Aturan pemanfaatan SDA Suku Mentawai dikembangkan sesuai dengan praktek dan pengalaman nenek moyang mereka secara turun temurun. Suku Mentawai mengenal konsep klasifikasi lahan pembagian wilayah dalam rangka memanfaatkan SDA yang ada di sekitar mereka. Klasifikasi lahan tersebut, meliputi satuan lingkungan permukiman, satuan lingkungan antropik ladang sagu, ladang keladi, ladang baru, ladang tua, persawahan, satuan lingkungan alamiah sungai dan rawa, pantai dan pulau-pulau kecil, hutan atau gunung, satuan lingkungan sakral hutan. Uraian tentang klasifikasi lahan ini dapat dilihat pada Subbab 4.3.2. Lingkungan antropik ini tempat memproduksi pangan bagi masyarakat. Adanya satuan lingkungan antropik ini menjelaskan mengapa pada masyarakat Mentawai di CBPS tekanan hutan relatif rendah untuk waktu yang cukup lama, yang mengesankan masyarakat Mentawai memiliki kearifan lingkungan Darmanto dan Setyowati 2012. Secara umum, masyarakat masih menggunakan alat tradisional untuk mengelola SDA mereka, seperti parang, kampak, cangkul. Walaupun saat ini, beberapa masyarakat sudah mulai menggunakan teknologi modern, seperti menggunakan gergaji mesin untuk menebang pohon dan menggunakan senapan angin dalam berburu binatang. Teknologi modern ini dianggap masyarakat mempermudah dan mepercepat pekerjaan masyarakat. Bila pemanfaatan SDA dilakukan atau “diborongkan” ke pihak ketiga, aturan harus mengikuti aturan adat dan penggunaan teknologi sesuai aturan pemerintah contoh penggunaan teknologi dalam konsesi IUPHHK.

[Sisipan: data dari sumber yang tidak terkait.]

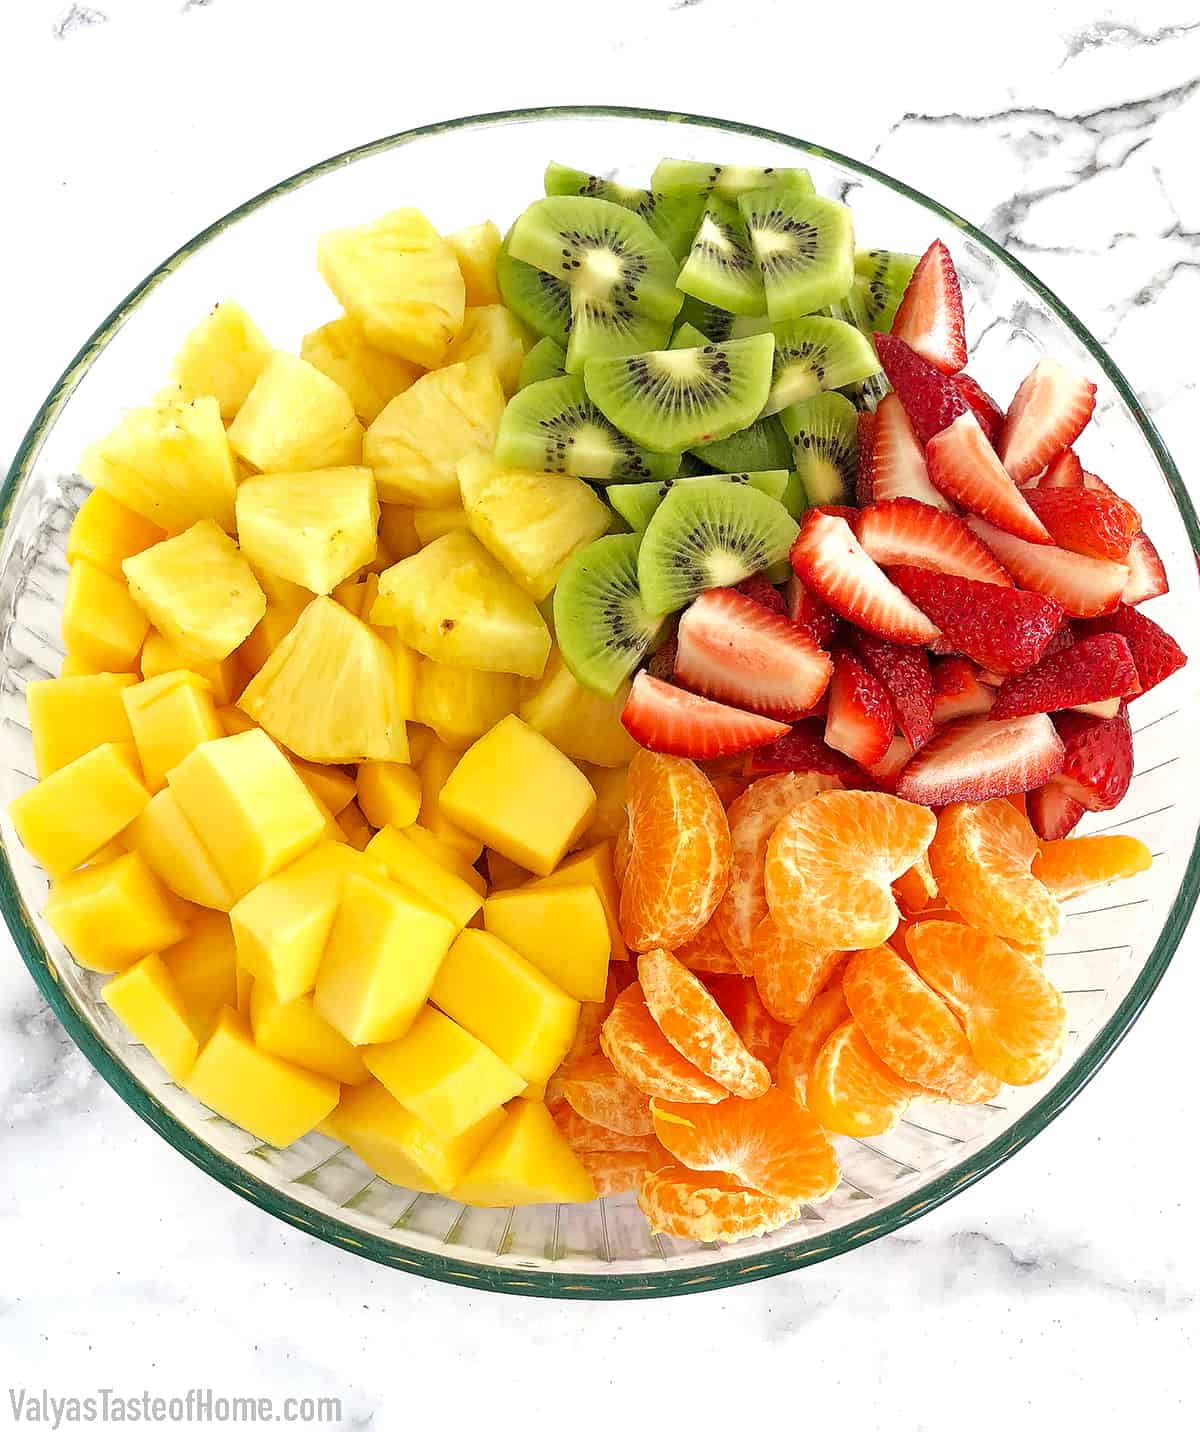 Rinse, pat dry, peel, and cut/slice all the fruits. Place them into a large bowl.

3. Pengaturan pilihan kolektif

Aturan adat dalam mengelola SDA yang berlaku di Suku Mentawai merupakan warisan dari nenek moyang yang dilakukan secara turun temurun. Namun demikian, sejalan dengan kemajuan teknologi dan dinamika sosial masyarakat muncul berbagai aktivitas baru yang berpotensi dapat merugikanmengganggu kepentingan bersama, maka dibuat berbagai aturan baru di luar aturan informal yang sudah ada. Contoh aturan baru yang terkait dengan pemanfaatan SDA adalah pelarangan penggunaan racun bahan kimia untuk mengambil ikan di sungai, sedangkan yang terkait dengan lingkungan adalah larangan membuang hajat di jalanan dan pengaturan lokasi penambatan perahu bermesin. Aturan-aturan baru tersebut dituangkan dalam peraturan desa Perdes. Dalam proses pembuatan aturan baru, masyarakat turut berperan serta melalui serangkaian musyawarah dan menyepakati Perdes yang disusun. Perdes dibuat oleh Badan Permusyawaratan Desa BPD yang melibatkan semua perwakilan uma yang ada di suatu desa. Perwakilan uma yang biasanya terlibat adalah Sikebukat uma kepala suku. Proses pengambilan keputusan ini dilakukan melalui musyawarah. Perdes ini biasanya mendapat dukungan dari masyarakat karena disepakati oleh semua pihak.